Information shown:
····················

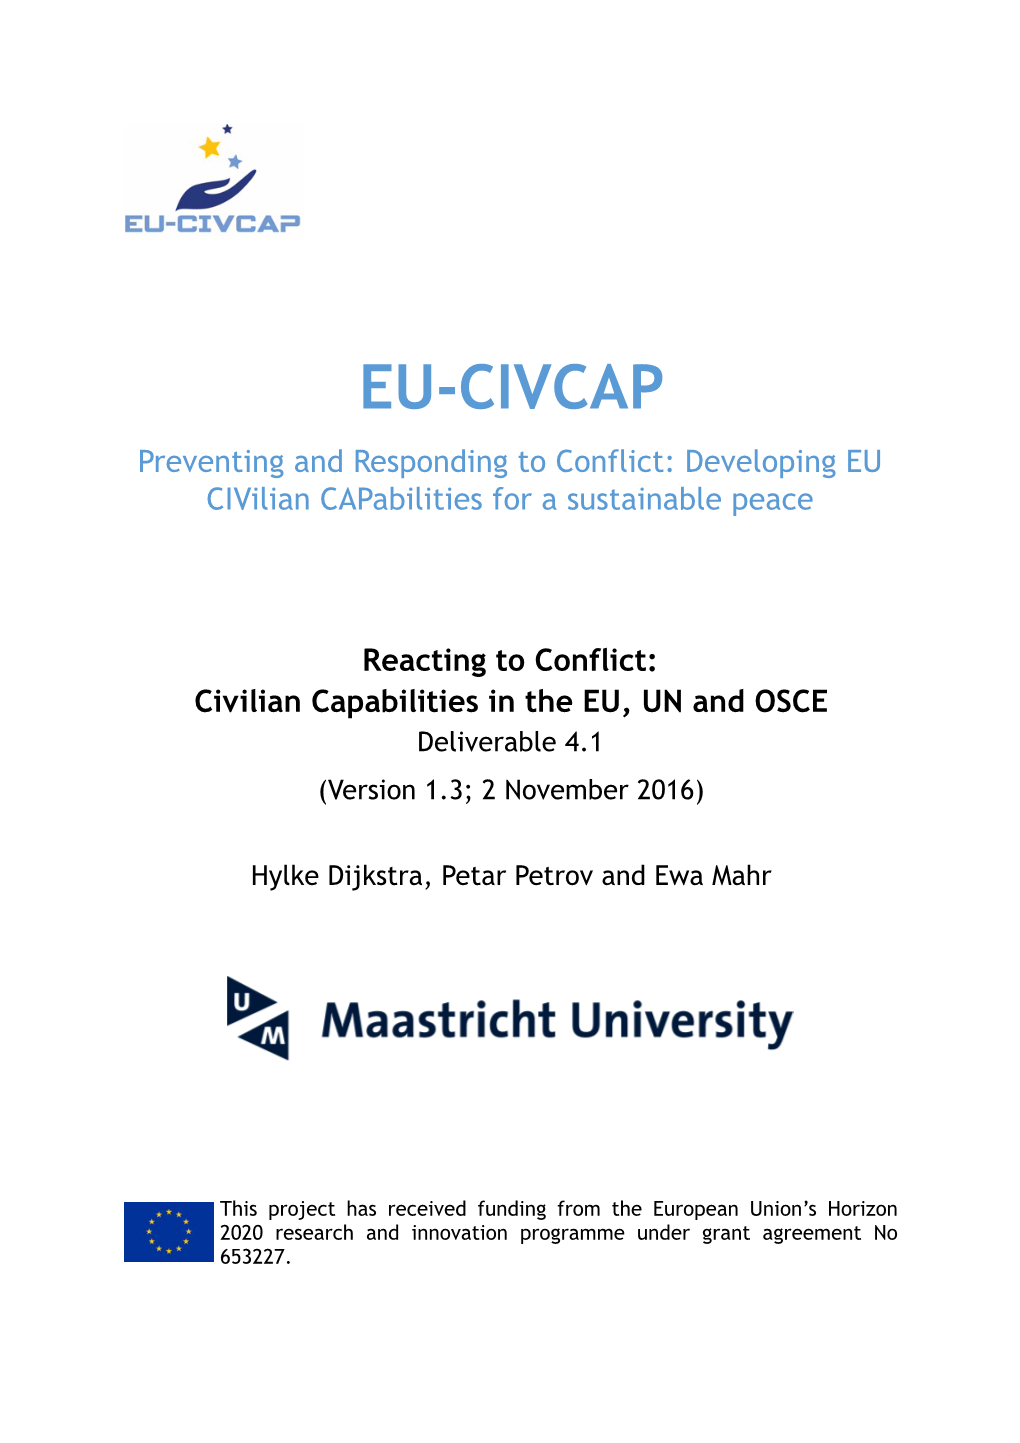 Reacting to Conflict: Civilian Capabilities in the EU, UN and OSCE Deliverable 4.1
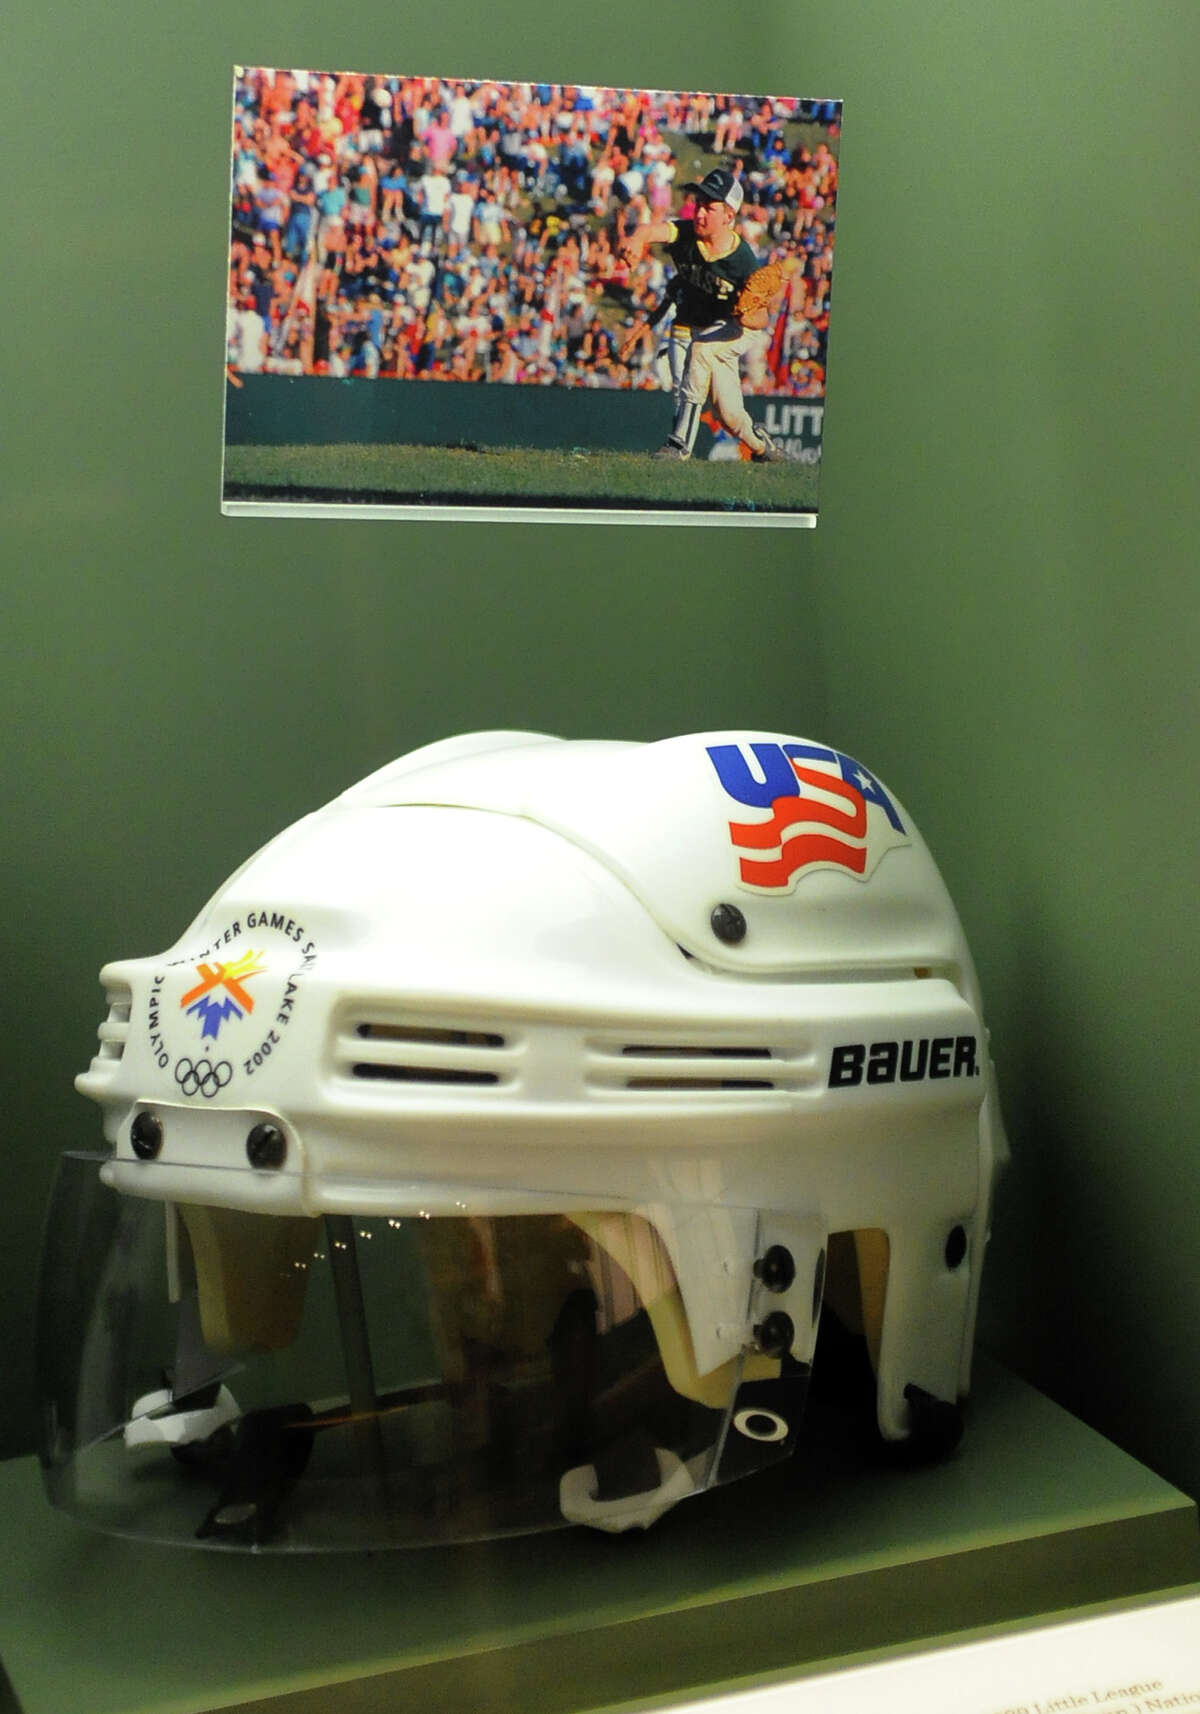 Chris Drury's spot featuring his NHL helmet as part of the Hall of Excellence in the Little League World Series Museum in Williamsport, Pa. on Thursday August 22, 2013. Drury was a pitcher with Trumbull that won the series in 1989.
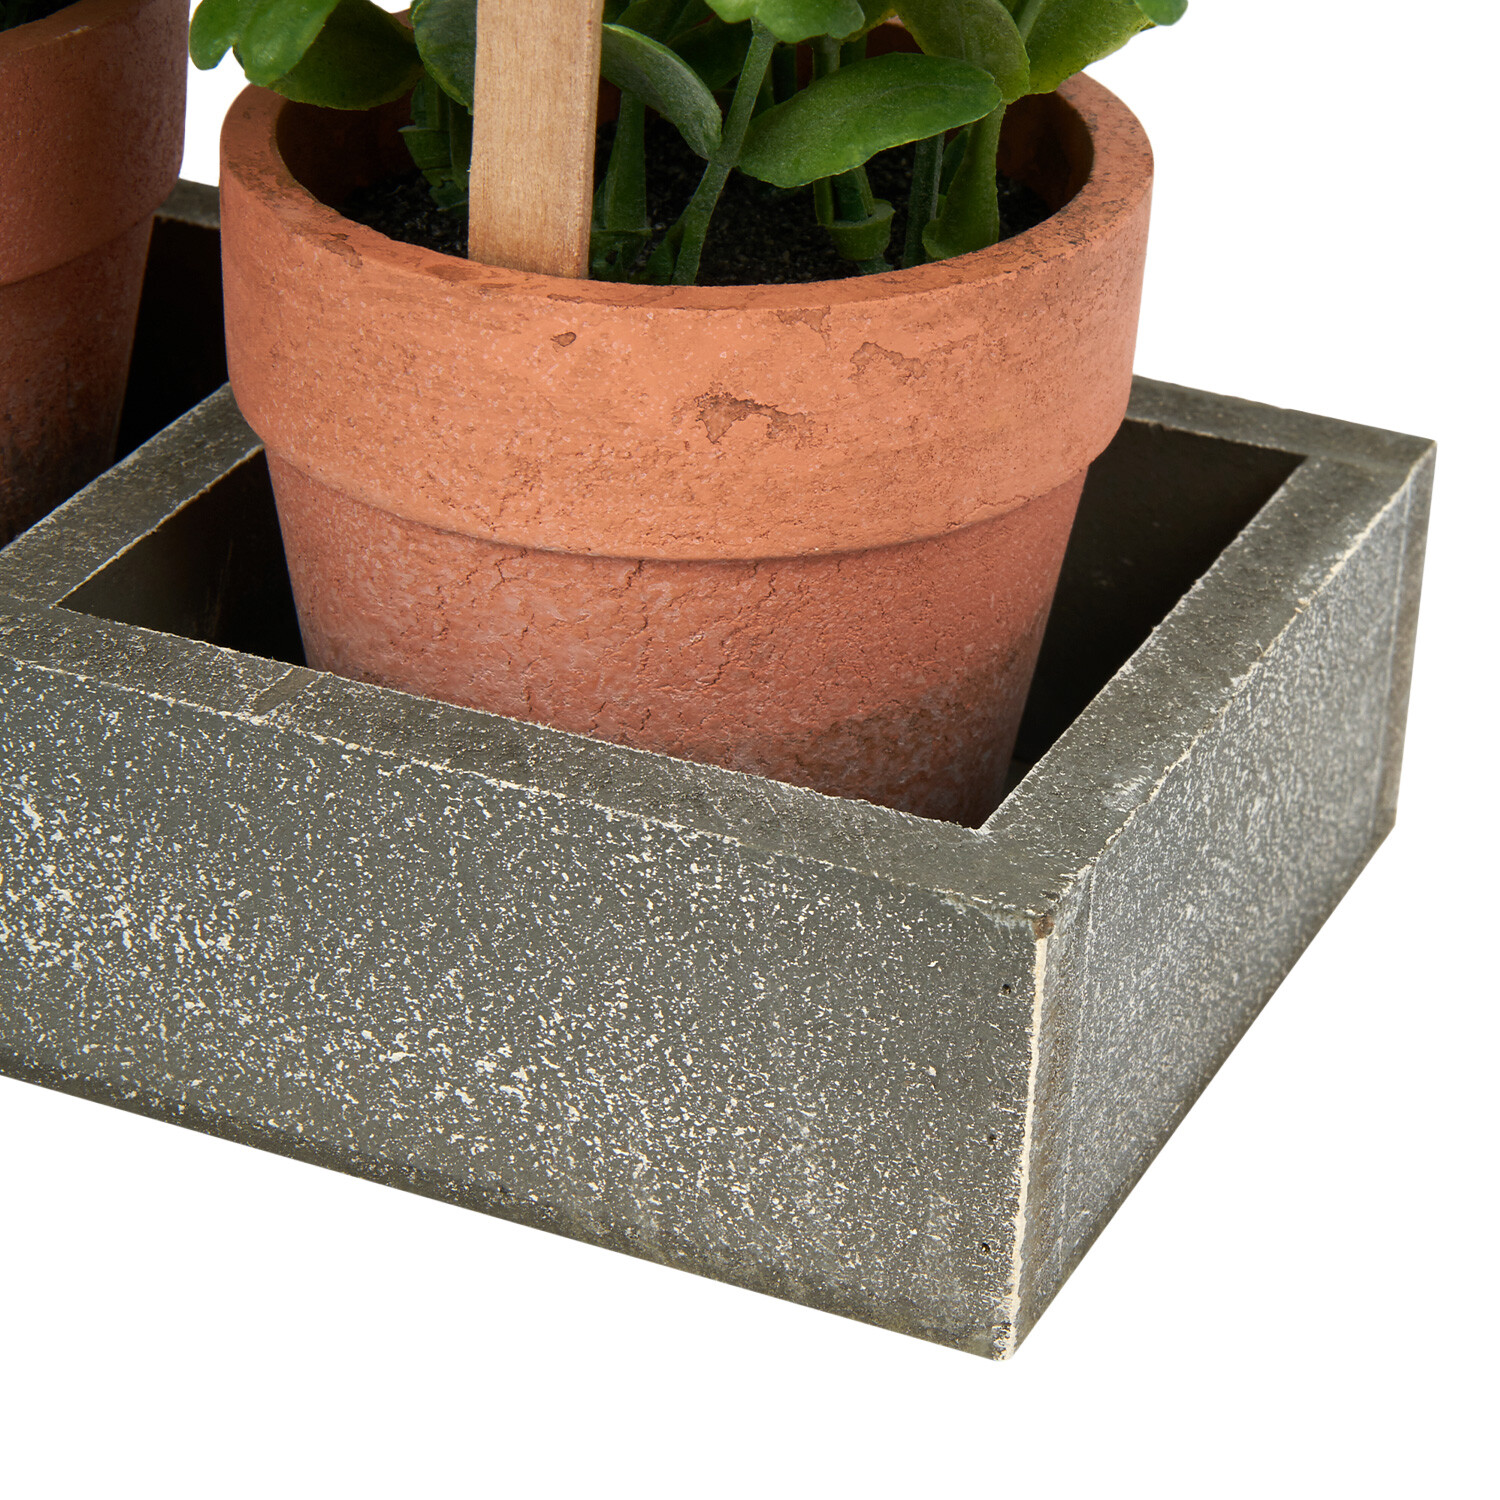 Set of 3 Potted Herbs in Tray - Grey Image 3
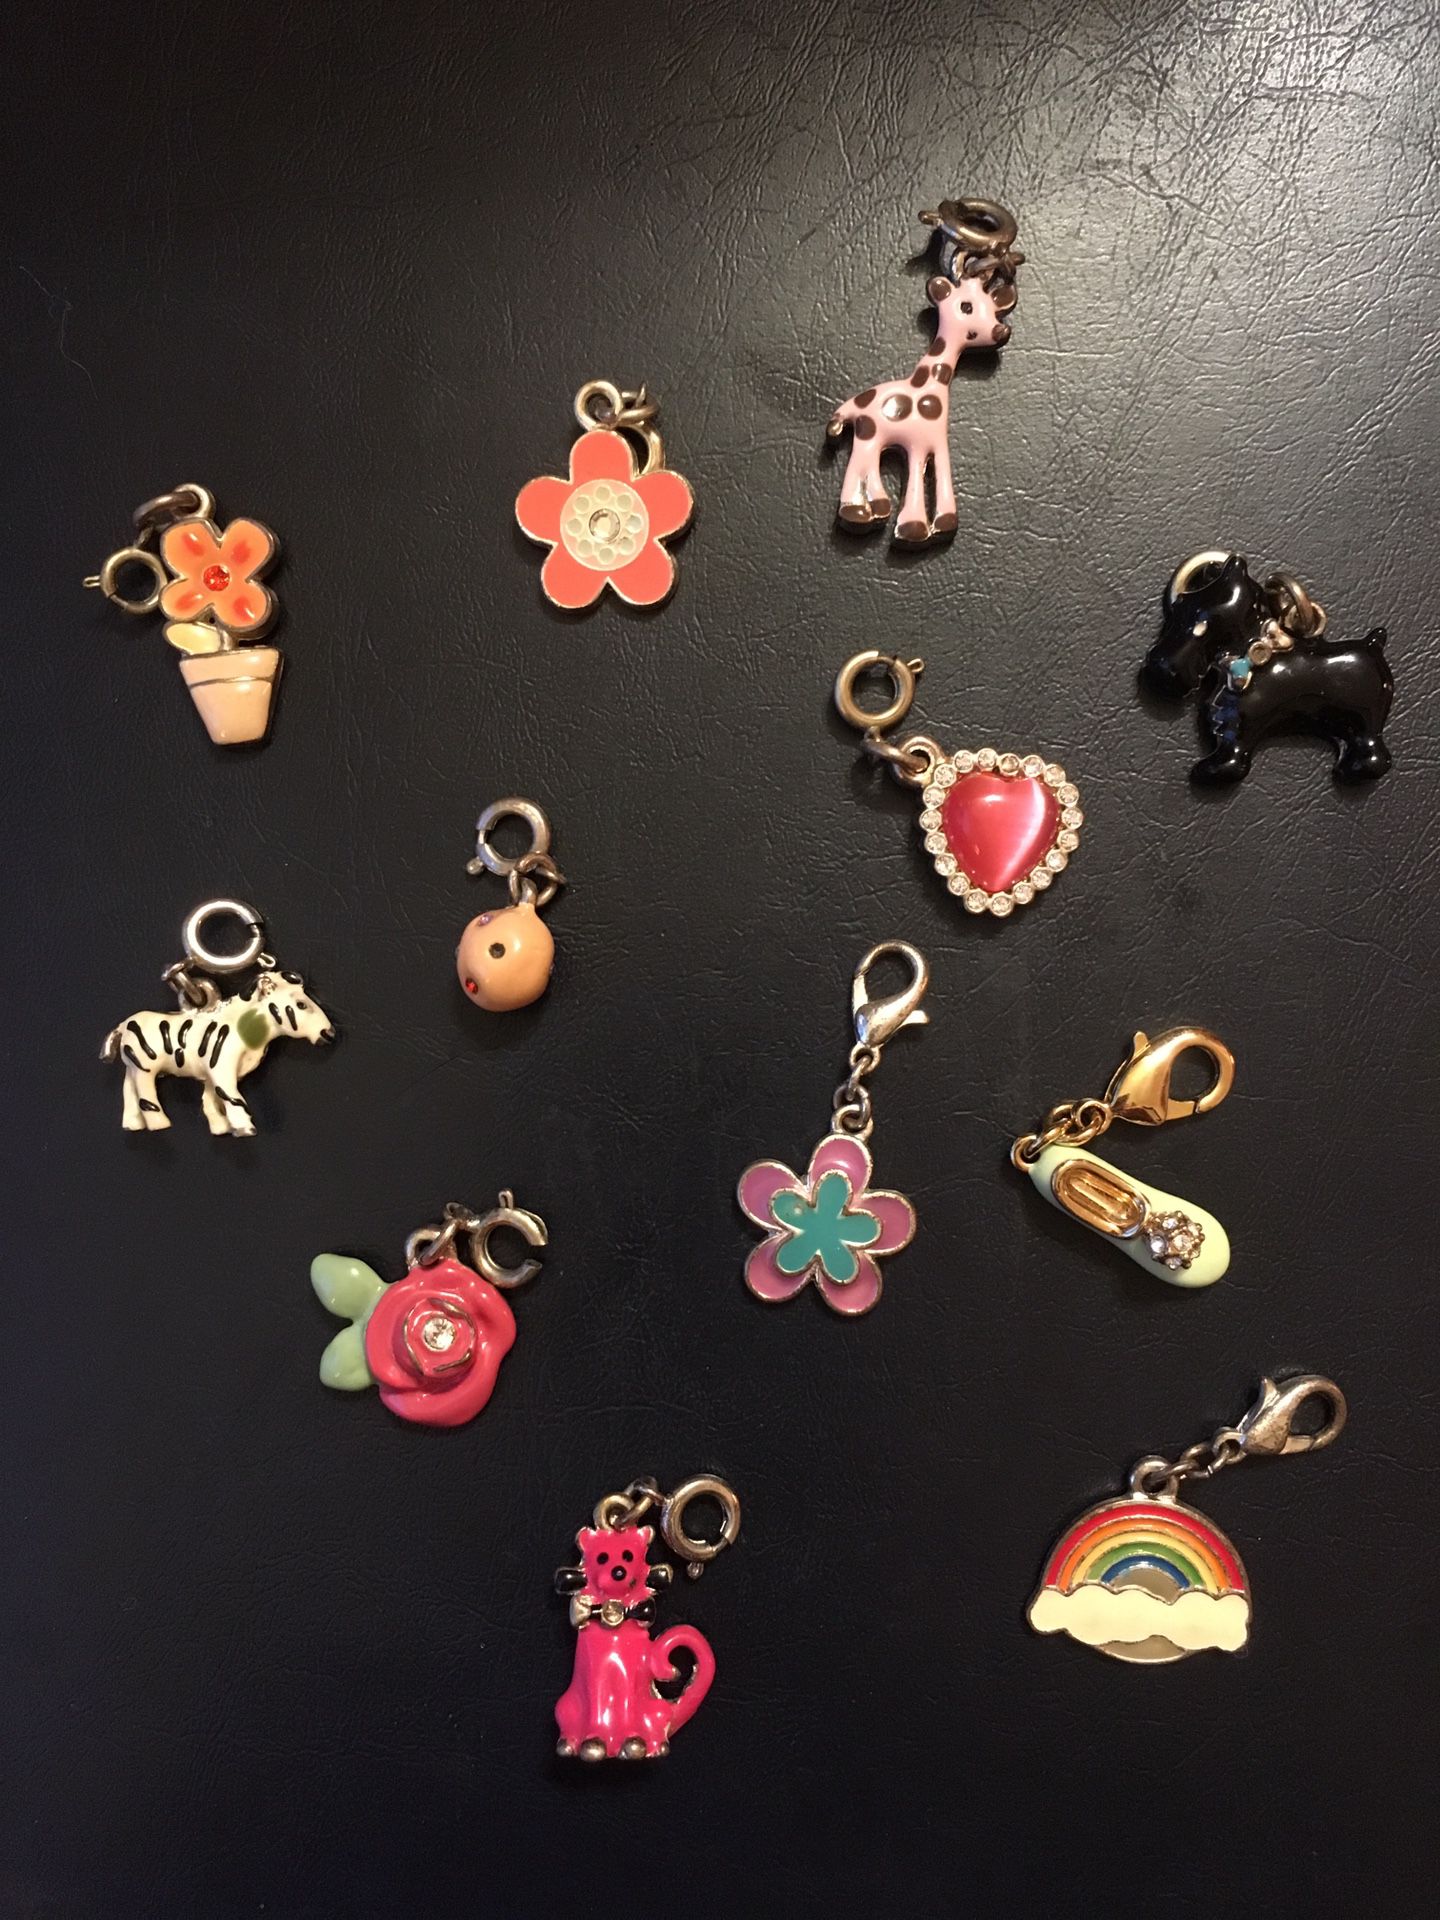 Gymboree Charms for bracelet (not included)

····················

Omit the pictures and reproduce the remaining material above exactly.

Reply:
 Reacting to Conflict: Civilian Capabilities in the EU, UN and OSCE Deliverable 4.1
 Chris Drury's spot featuring his NHL helmet as part of the Hall of Excellence in the Little League World Series Museum in Williamsport, Pa. on Thursday August 22, 2013. Drury was a pitcher with Trumbull that won the series in 1989.
 Set of 3 Potted Herbs in Tray - Grey Image 3
 Gymboree Charms for bracelet (not included)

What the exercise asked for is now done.